◆ **DIRECTIONS**:
Please make an exact copy of the listing, without the pictures.

◆ **DATA SECTION**:
··········
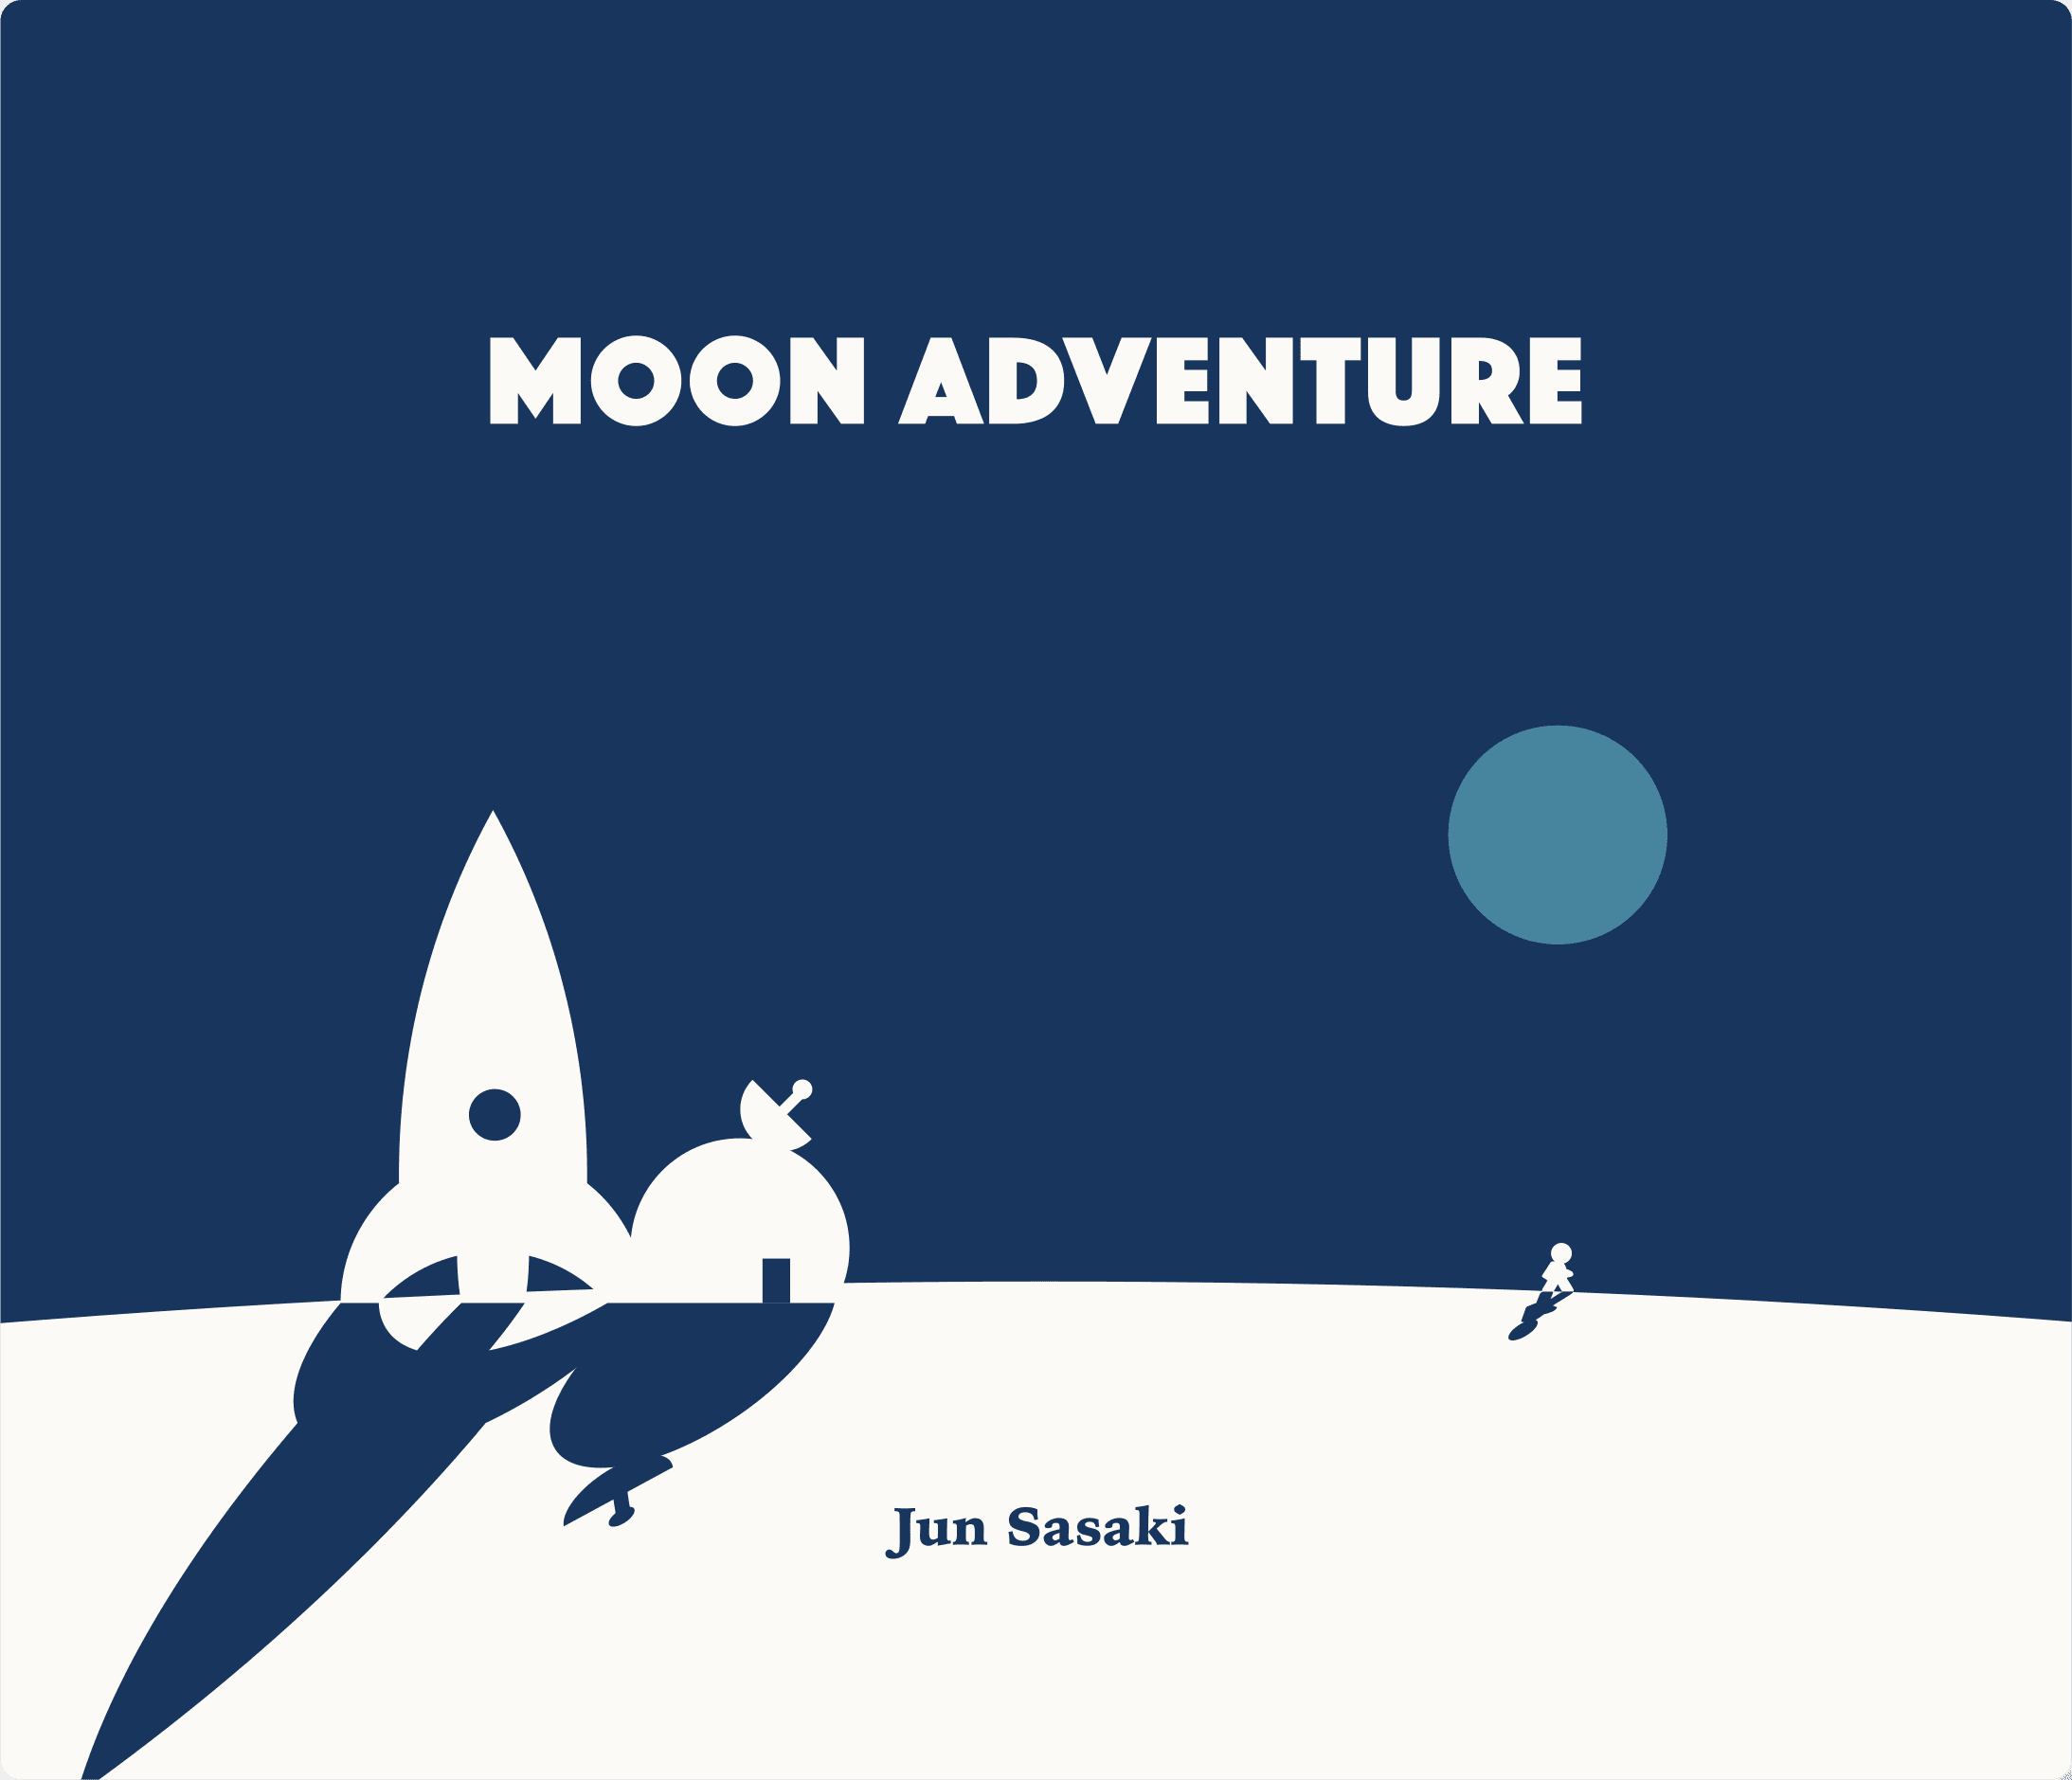 Adventure moon. Moon Adventure. Moon Adventure настольная игра. From the Moon настольная игра. Moon Adventure to New World.
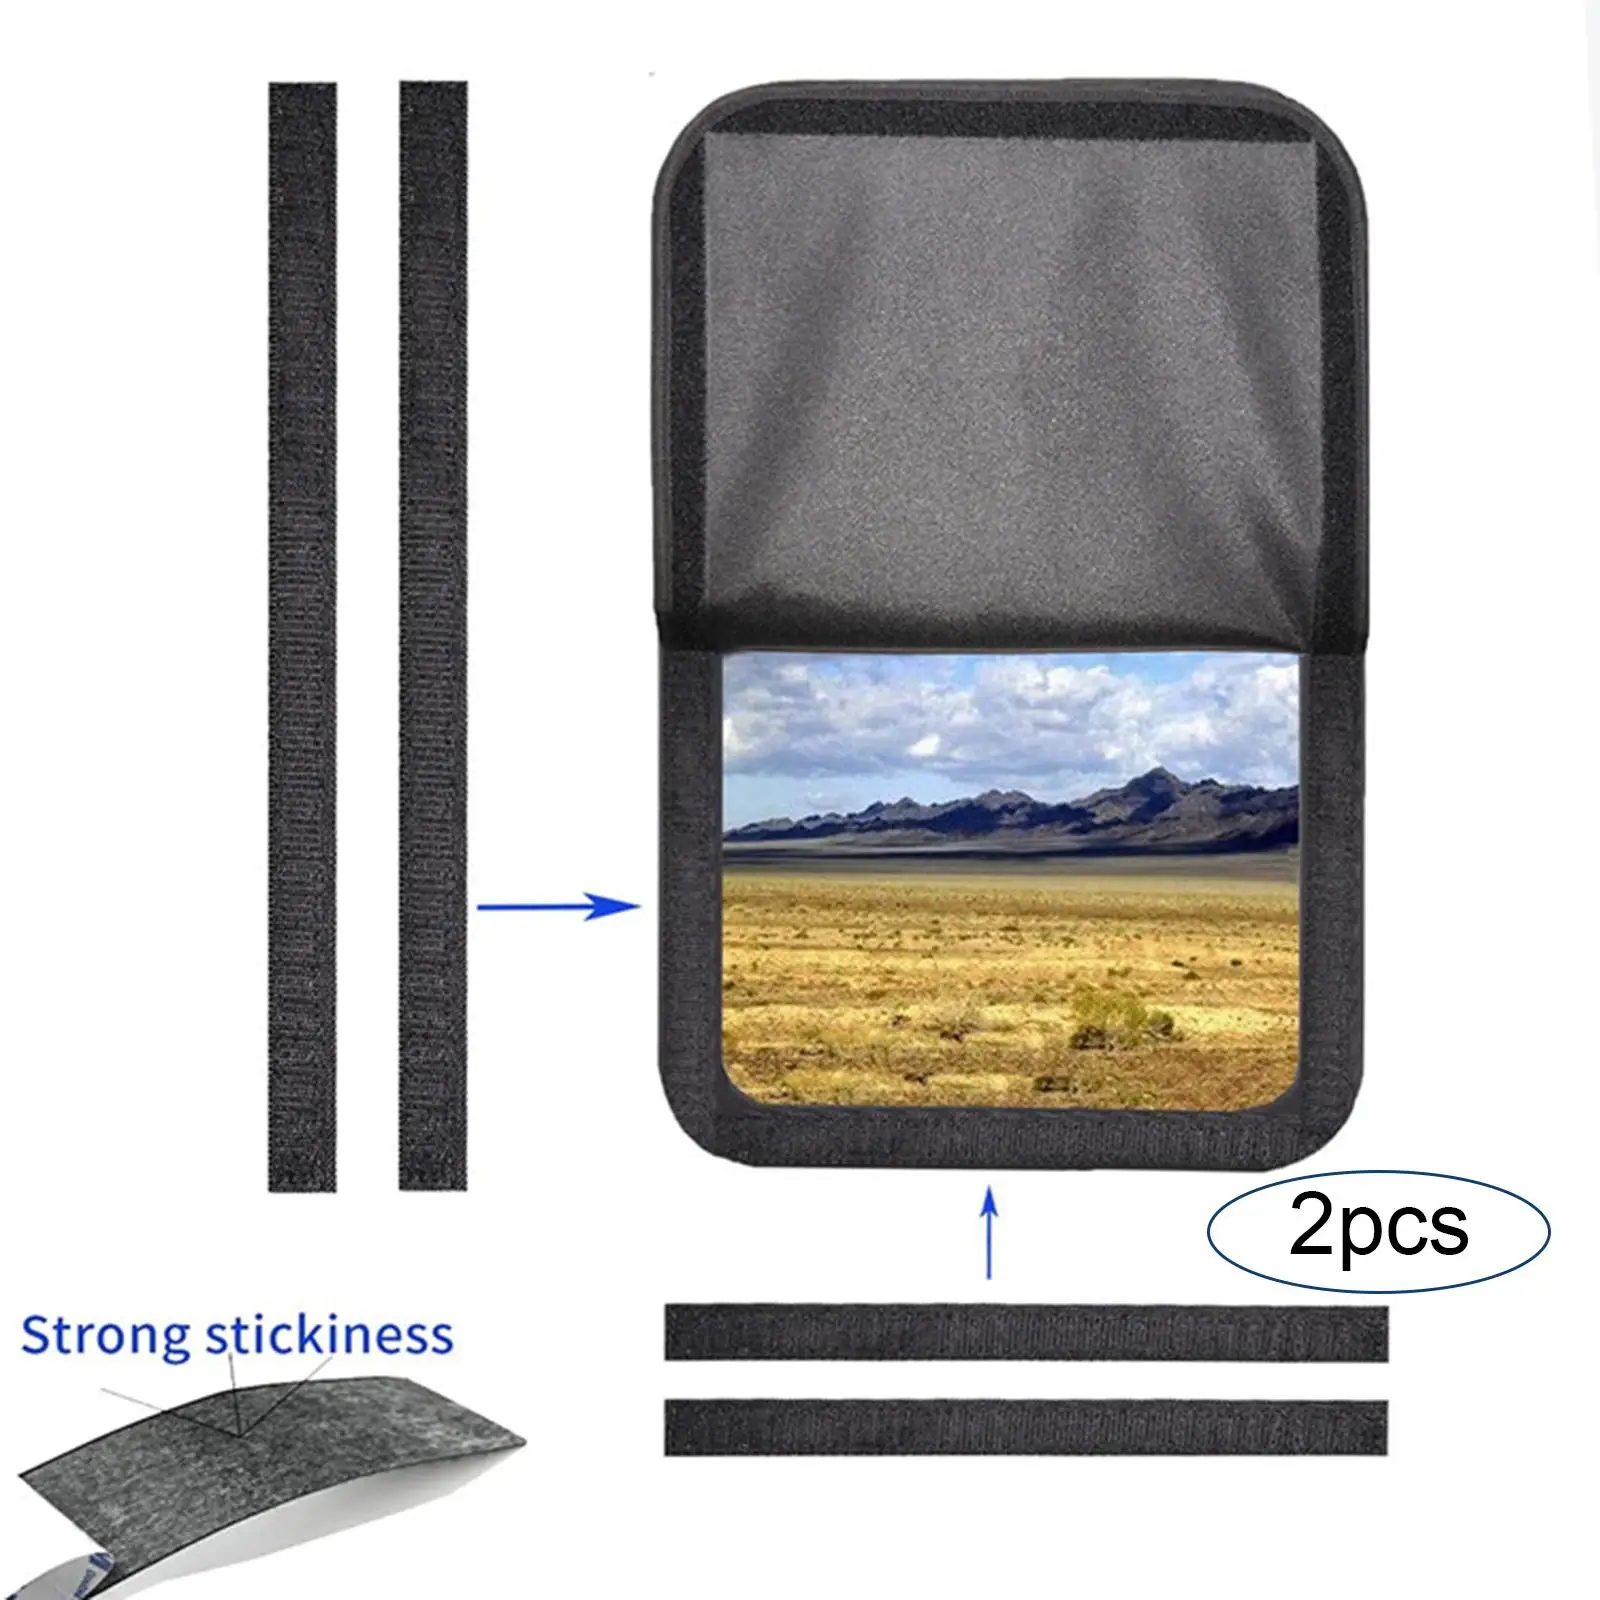 Door Window Fabric Windshield Collapsible Sunshade for Campers Travel Trailers Rvs
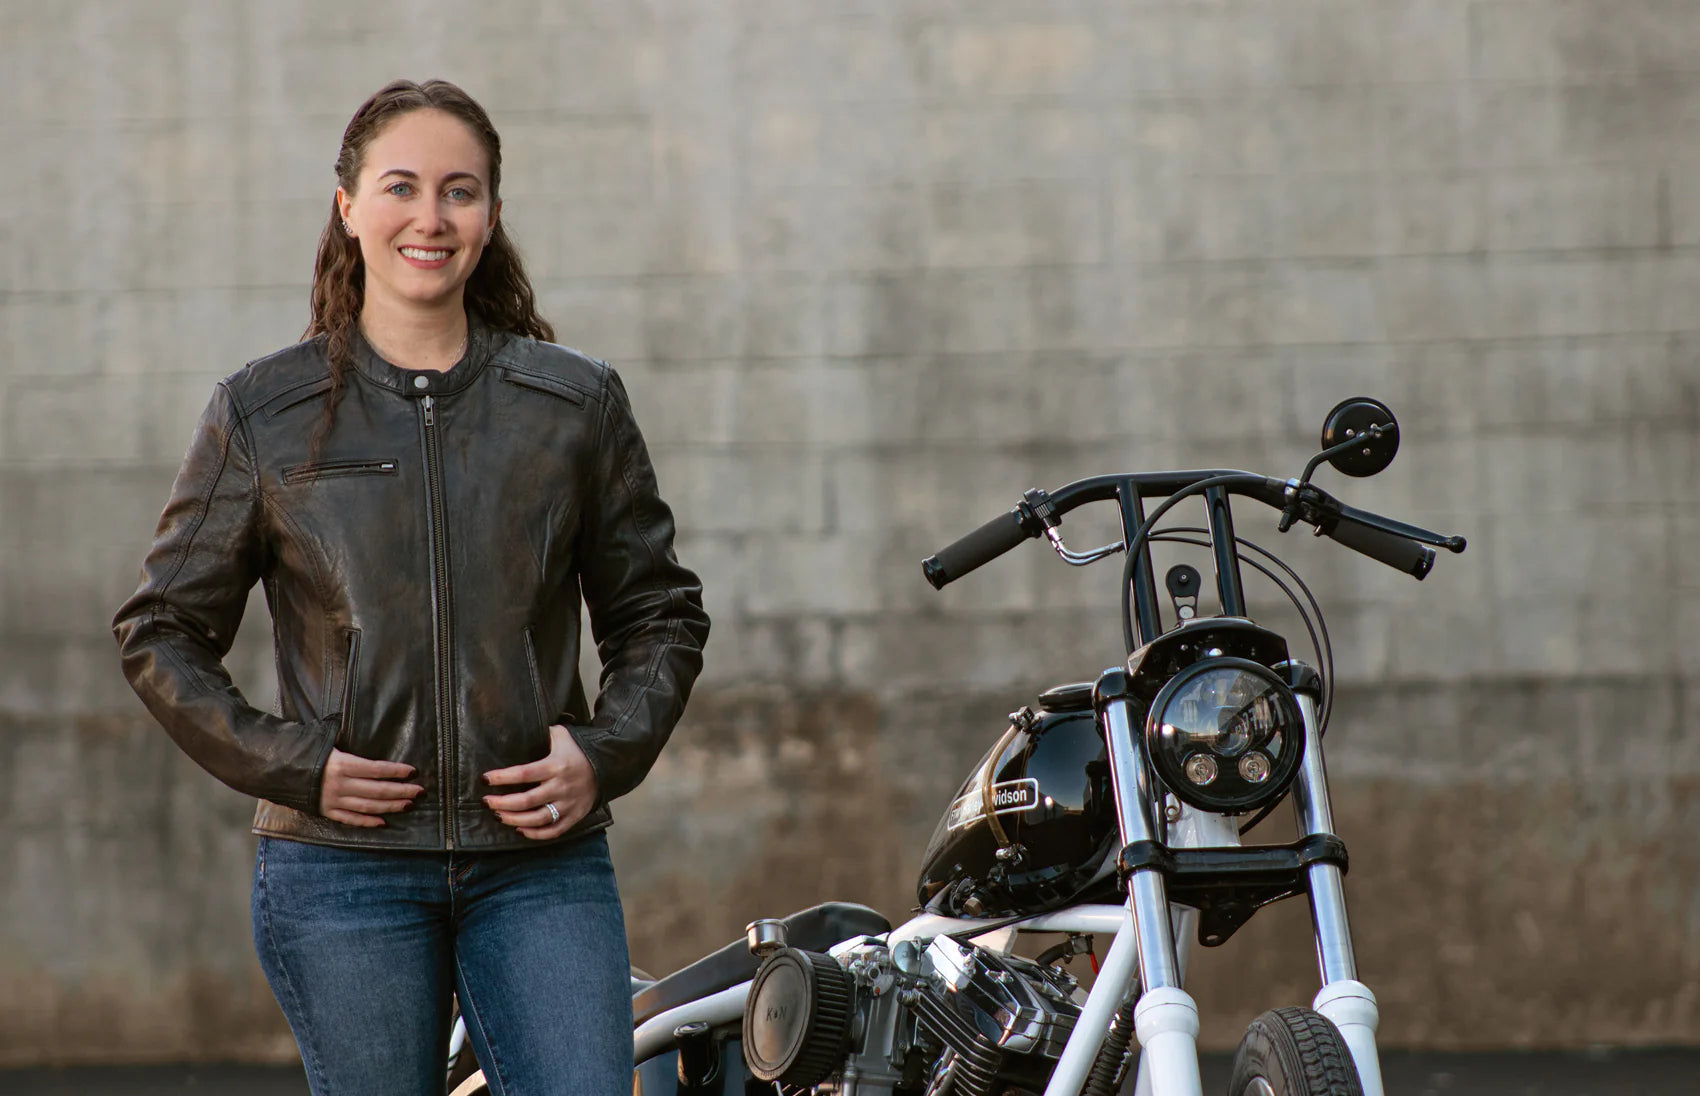 Stylish Women's Trickster Motorcycle Jacket: Front View. Embrace the Vents and Conceal Carry Pockets!
··········
◆ **RESULT BELOW**:
 Adventure moon. Moon Adventure. Moon Adventure настольная игра. From the Moon настольная игра. Moon Adventure to New World.
 Door Window Fabric Windshield Collapsible Sunshade for Campers Travel Trailers Rvs
 Stylish Women's Trickster Motorcycle Jacket: Front View. Embrace the Vents and Conceal Carry Pockets!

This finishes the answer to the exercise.